What you are asked to do — Beginning with the line that has "Lot 4010219: Chinese" and ending with the line that has "1680x1050 Rose Solid Color Background", retype the entries below exactly, except for the pictures.

Given data —
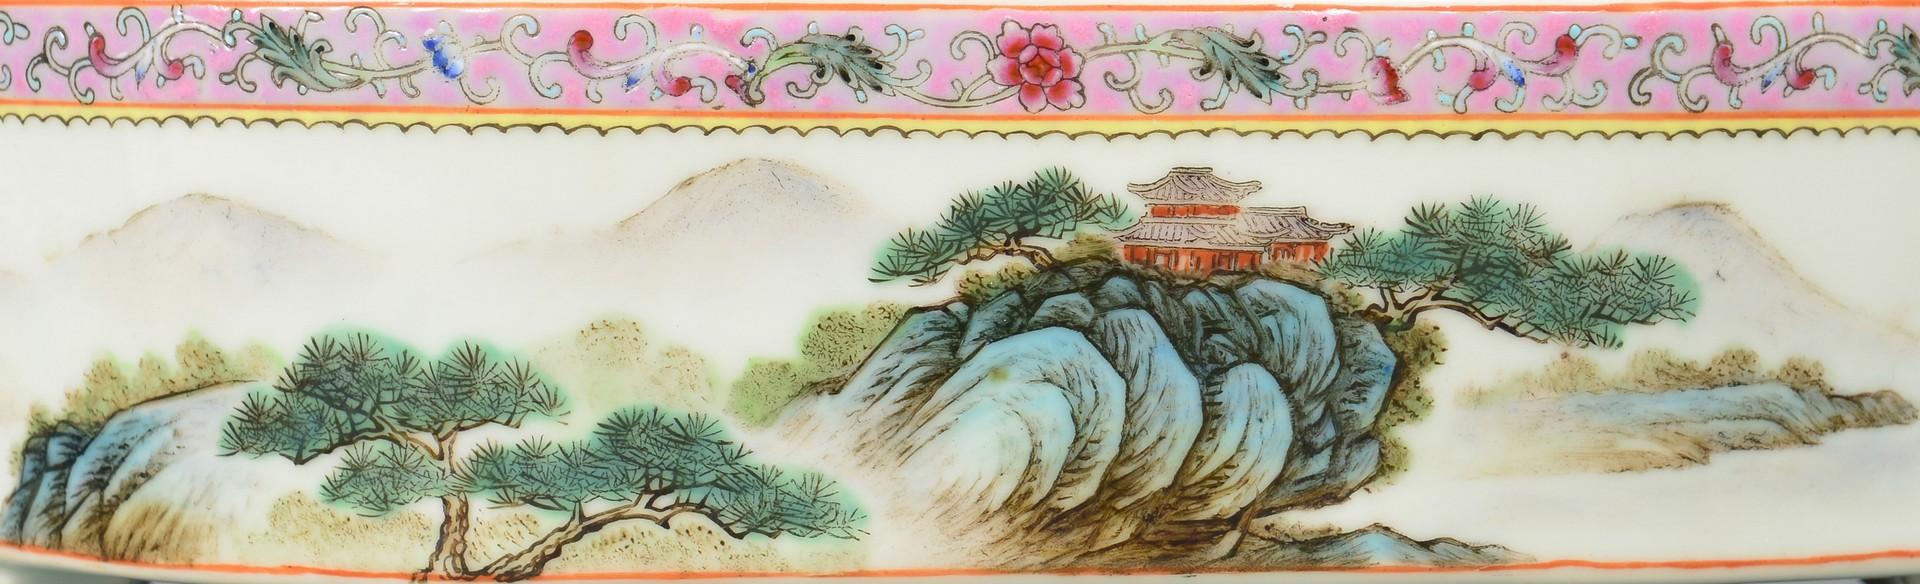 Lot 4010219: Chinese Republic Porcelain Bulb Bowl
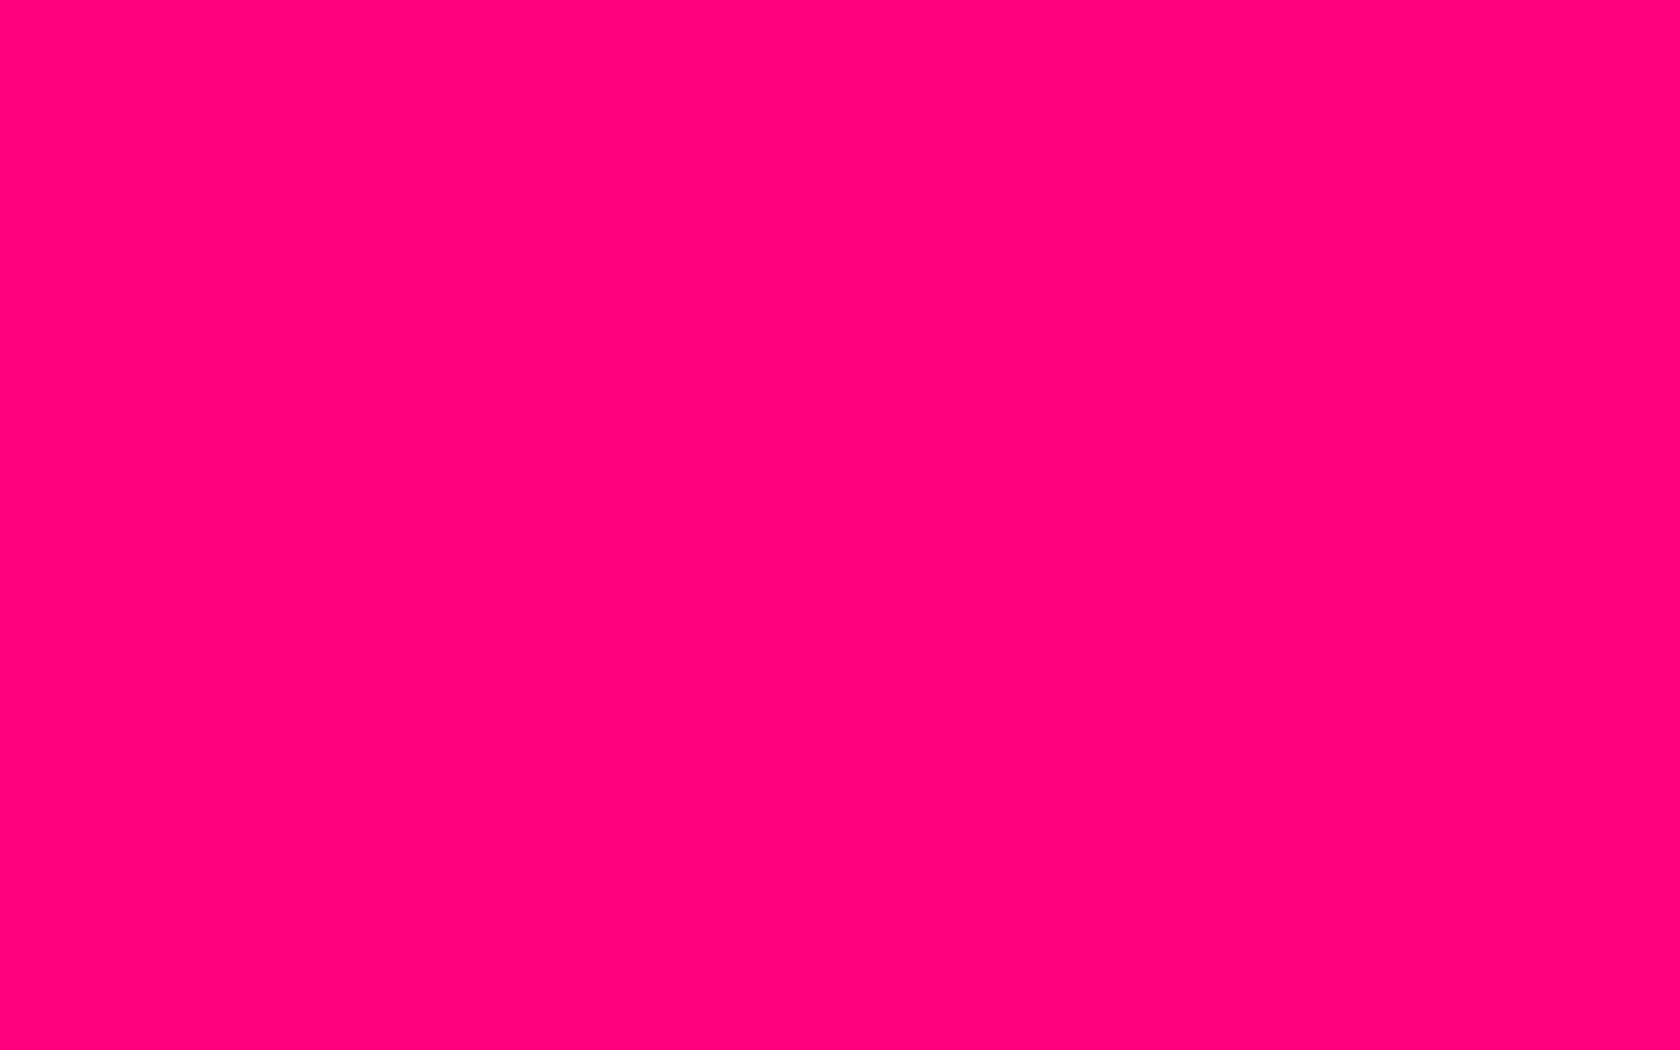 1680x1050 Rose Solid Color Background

...

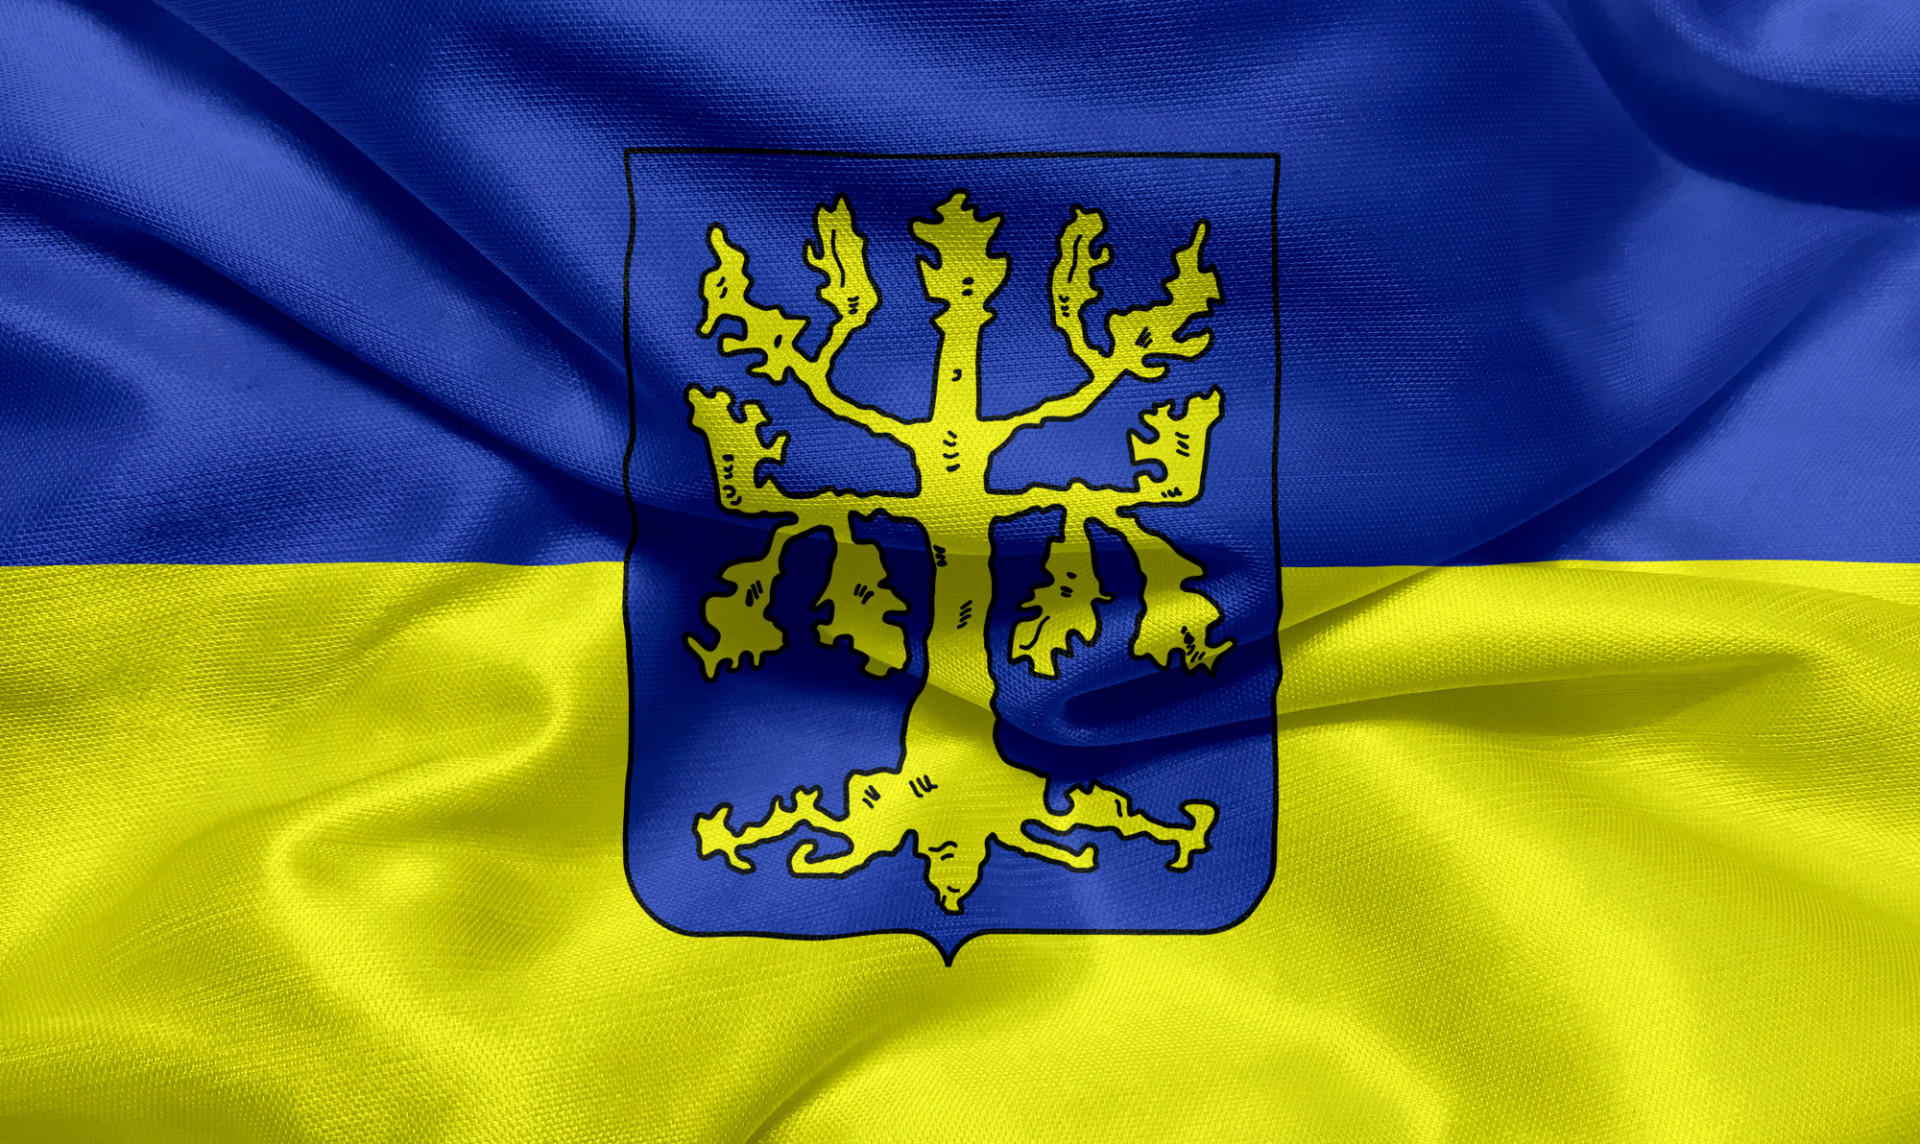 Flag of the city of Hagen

...

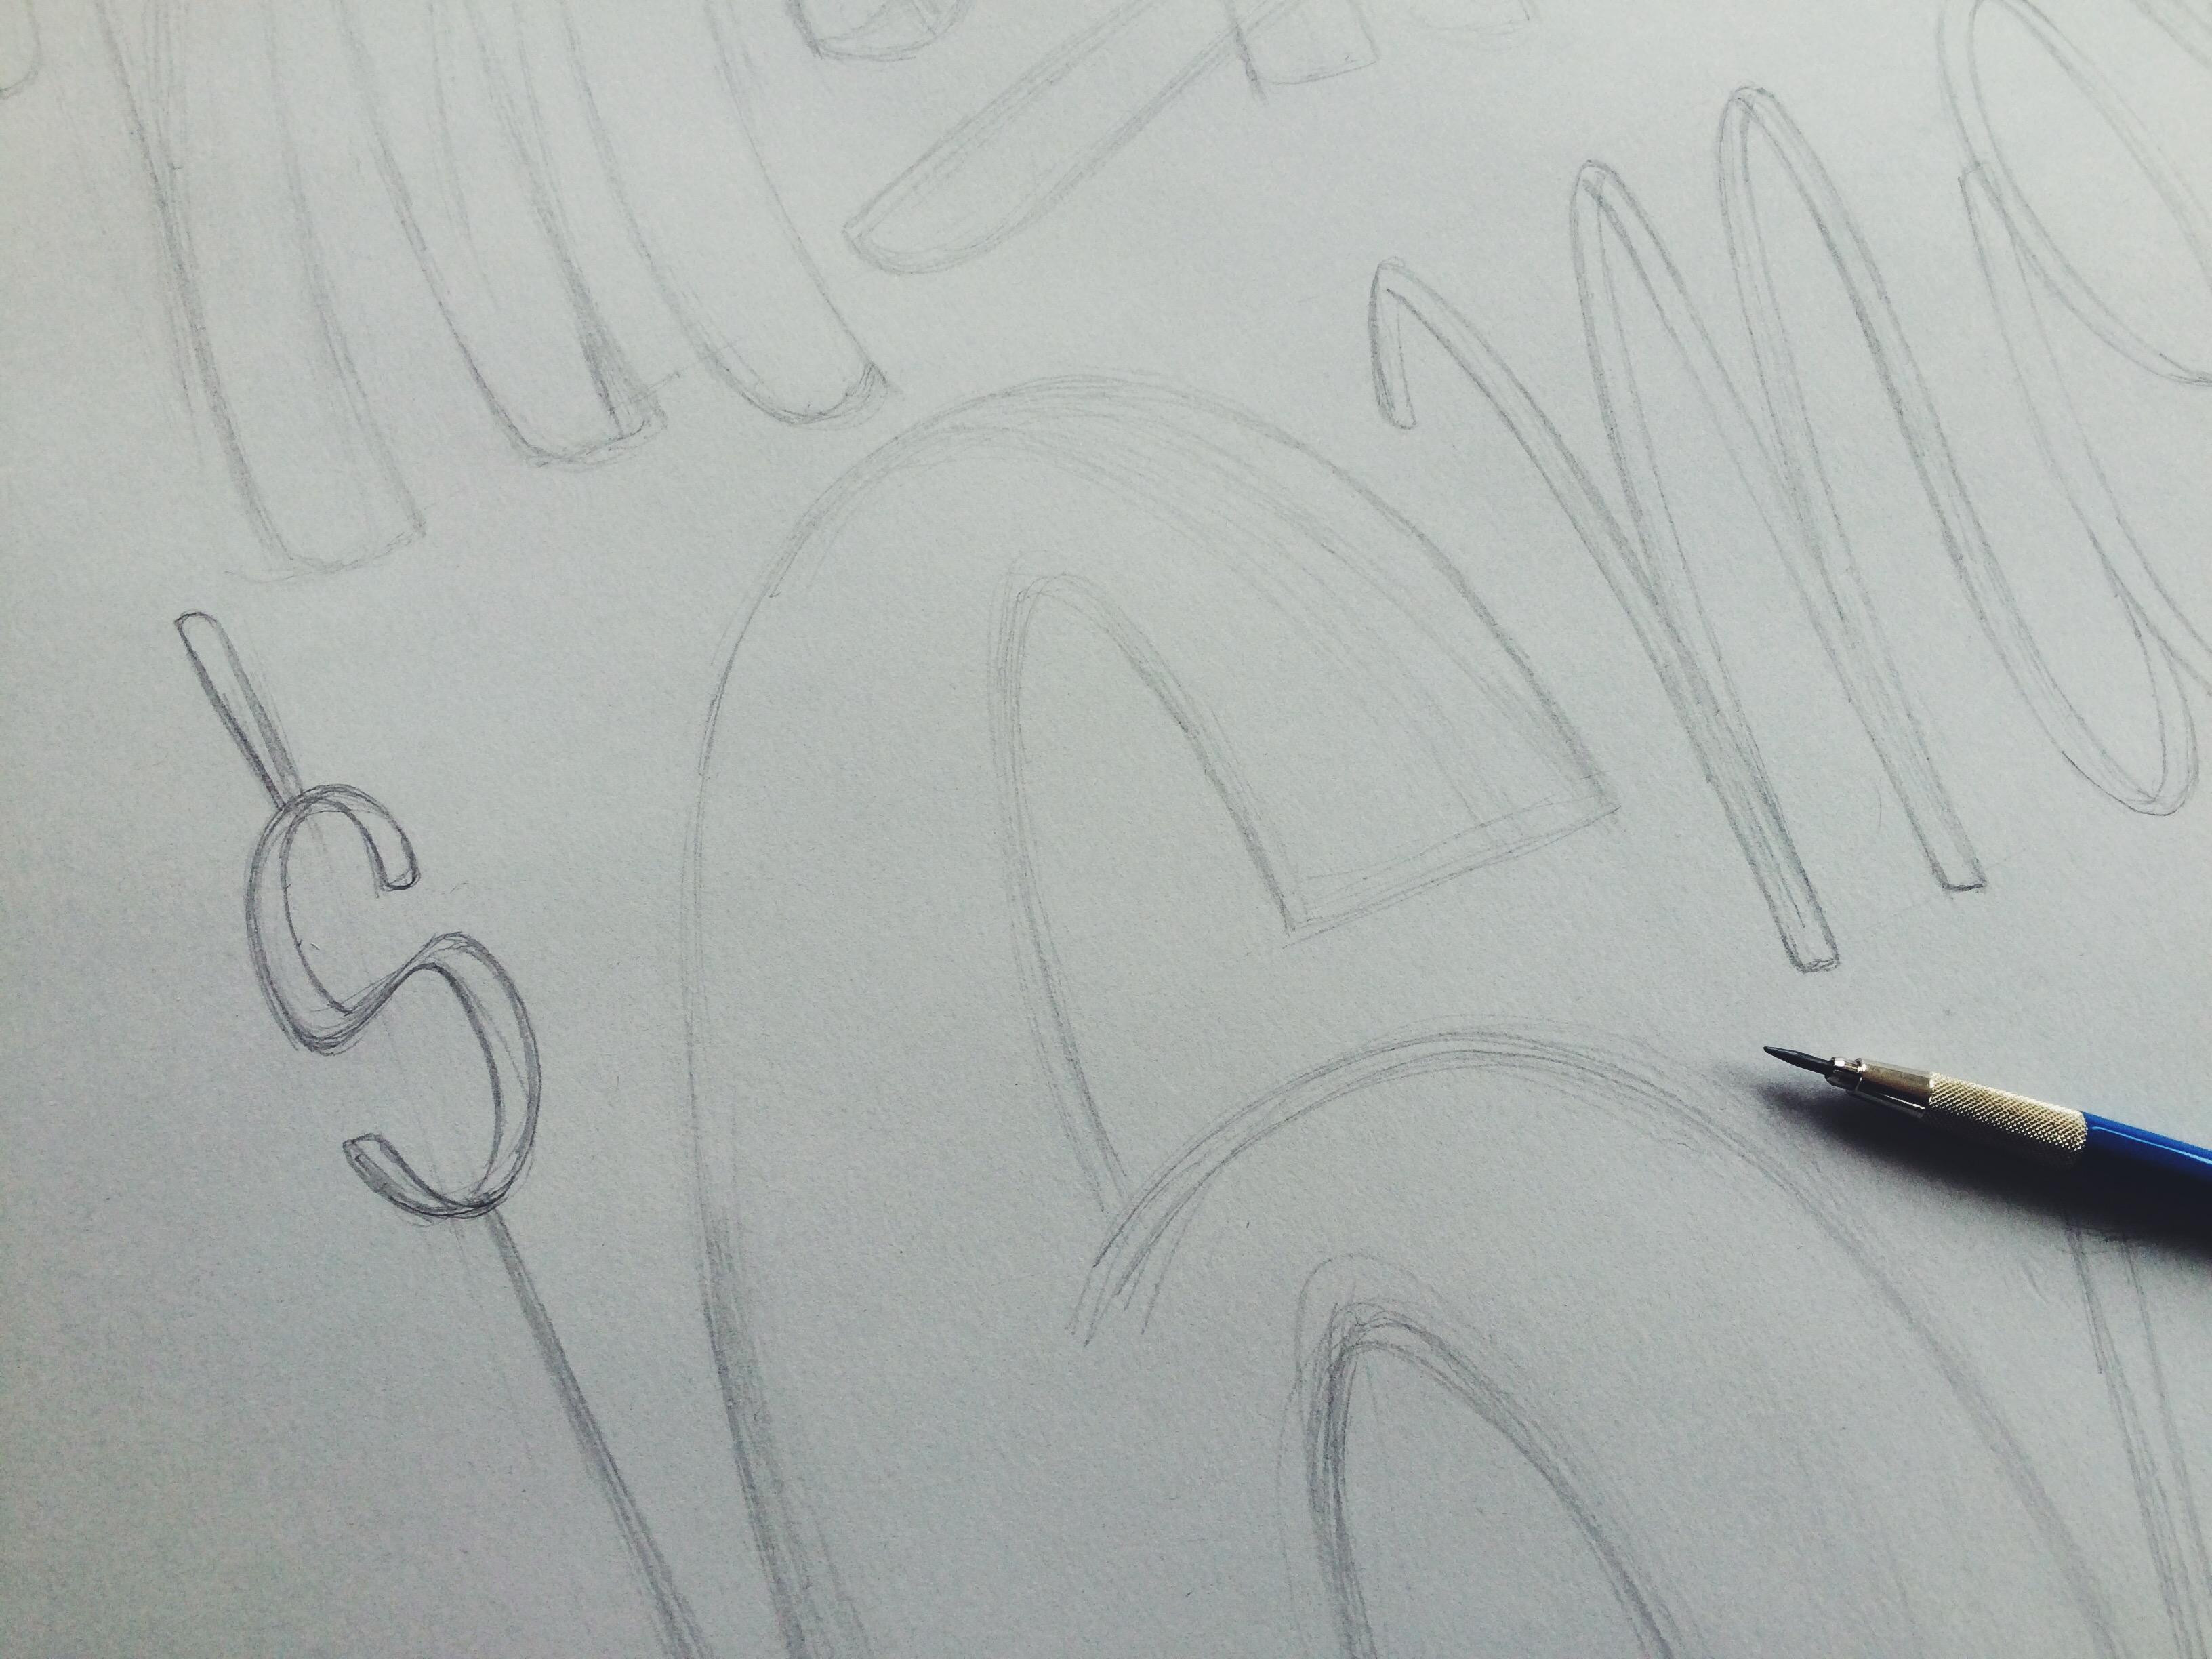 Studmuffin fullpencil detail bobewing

Result of this exercise —
 Lot 4010219: Chinese Republic Porcelain Bulb Bowl
 1680x1050 Rose Solid Color Background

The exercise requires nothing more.